12th July 1996 at 01:00
The bid to monitor student and staff satisfaction is gathering momentum but at one college it backfired reports Neil Merrick.

Managers at one of the country's largest colleges were stunned to hear students criticise a security system which was set up to prevent thefts and keep out intruders.

The remarks came at a sensitive time for East Berkshire College since its quality assurance systems were censured in a recent Further Education Funding Council inspection report. The college was setting up new management systems to improve quality at the time of the inspection and felt aggrieved by the report.

Security is top of the agenda for many big colleges. A security guard system with closed-circuit cameras has been introduced at other huge campuses such as South Birmingham and Sheffield. The move has followed concern over student safety and welfare and often has an eye on a forthcoming FEFC inspection.

But the policy misfired at East Berkshire when a significant minority of students complained of intrusion. "It's an invasion of privacy," said Tracy Statters a community worker who liaises with the student services department.

But the principal Ray Sinclair-Smith said he was not aware of any concerns about private security guards. "If that sort of complaint was made to me then action would be taken," he said.

Channels for such complaints are now in place as part of the wider quality assurance system at East Berkshire. But it is bound to take time to turn things round.

The college was created by the merger of three colleges with different management styles. It has about 5,000 full-time equivalent students.

Establishing a communications network to satisfy every student and the FEFC is a daunting task, as the hiccup in the security system illustrates.

The college is trying to widen opportunities for students and staff to comment on the way the college is run. Rather than try to do everything from the centre, from next year, each site will have its own student committee and a separate staff liaison committee.

Annual surveys will run throughout the year to tease out weaknesses before they grow. The surveys will also aim to gather important information needed to assess the quality of courses.

Security is the type of issue which should be raised at the student consultative committee, says management.
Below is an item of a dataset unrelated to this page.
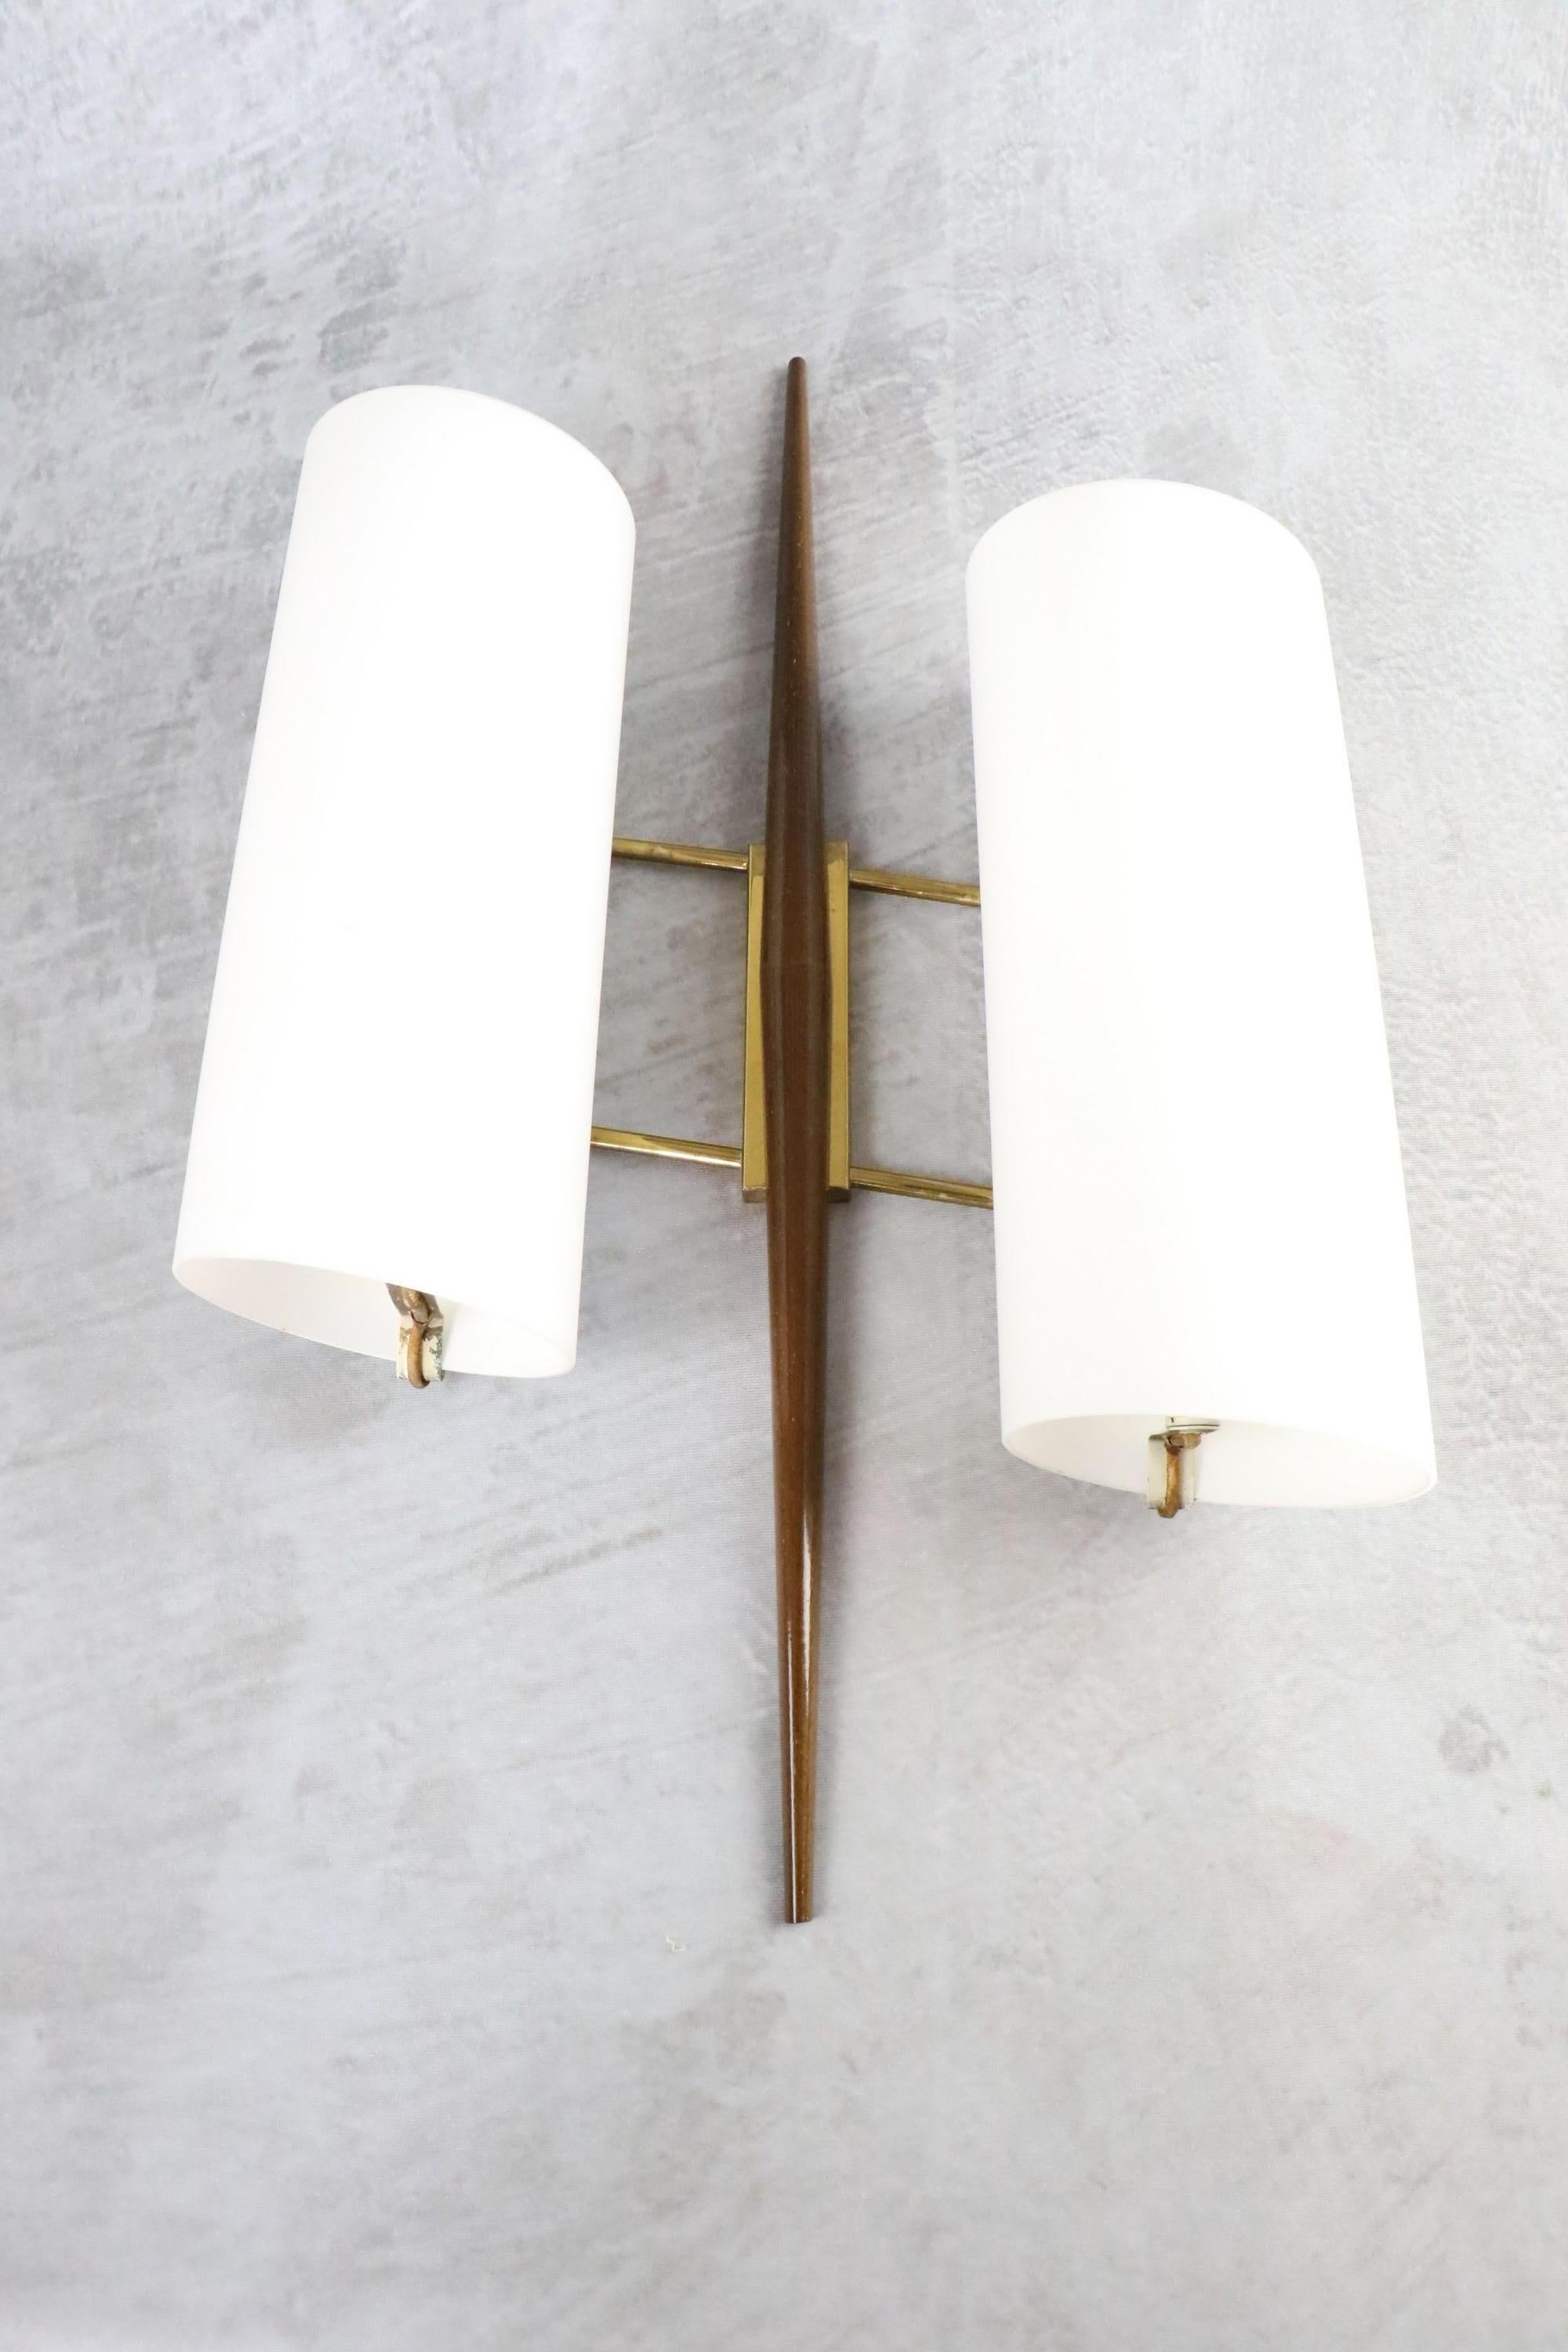 Maison Arlus, Pair of Mid-Century Modern Double Lighting Wall Lamps 1950s France 5

But performing arts student Robert Mesure seemed unaware of it. He had accused guards of interfering in students' lives. But he admitted: "A lot of people don't know about the mechanisms they've got for complaints."

The quality of teaching and support is praised by many students who say small changes could bring immense benefits in quality. "The teaching is good and tutors keep track of you in case you have a problem or need help," said Razia Rafiq, who is taking a general national vocational qualification in business.

Anyone dissatisfied with tutor response can contact the student services department and fill out a complaint form. Student services manager Jenny Chapman said: "The basic philosophy is to try and solve a problem as quickly as you can at source."

Part of the problem is with the students themselves. Robert Gray, a union representative for higher education access course students, said the general feeling was the college is well run. Security measures had already been discussed by the consultative committee, but he accepted not all students would be aware of what happened at meetings.

It is at this point that the old-style communications break down. While consultative meetings are dominated by topics such as car parking, the refectory and smoking, curriculum issues may only be challenged at meetings of course teams and boards of study.

Some of these are open to students but others are not. Mr Sinclair-Smith accepted that there was a lack of consistency across the college and said an action plan was in place to widen consultation.

"We have got to make students understand their representative role more clearly," he added.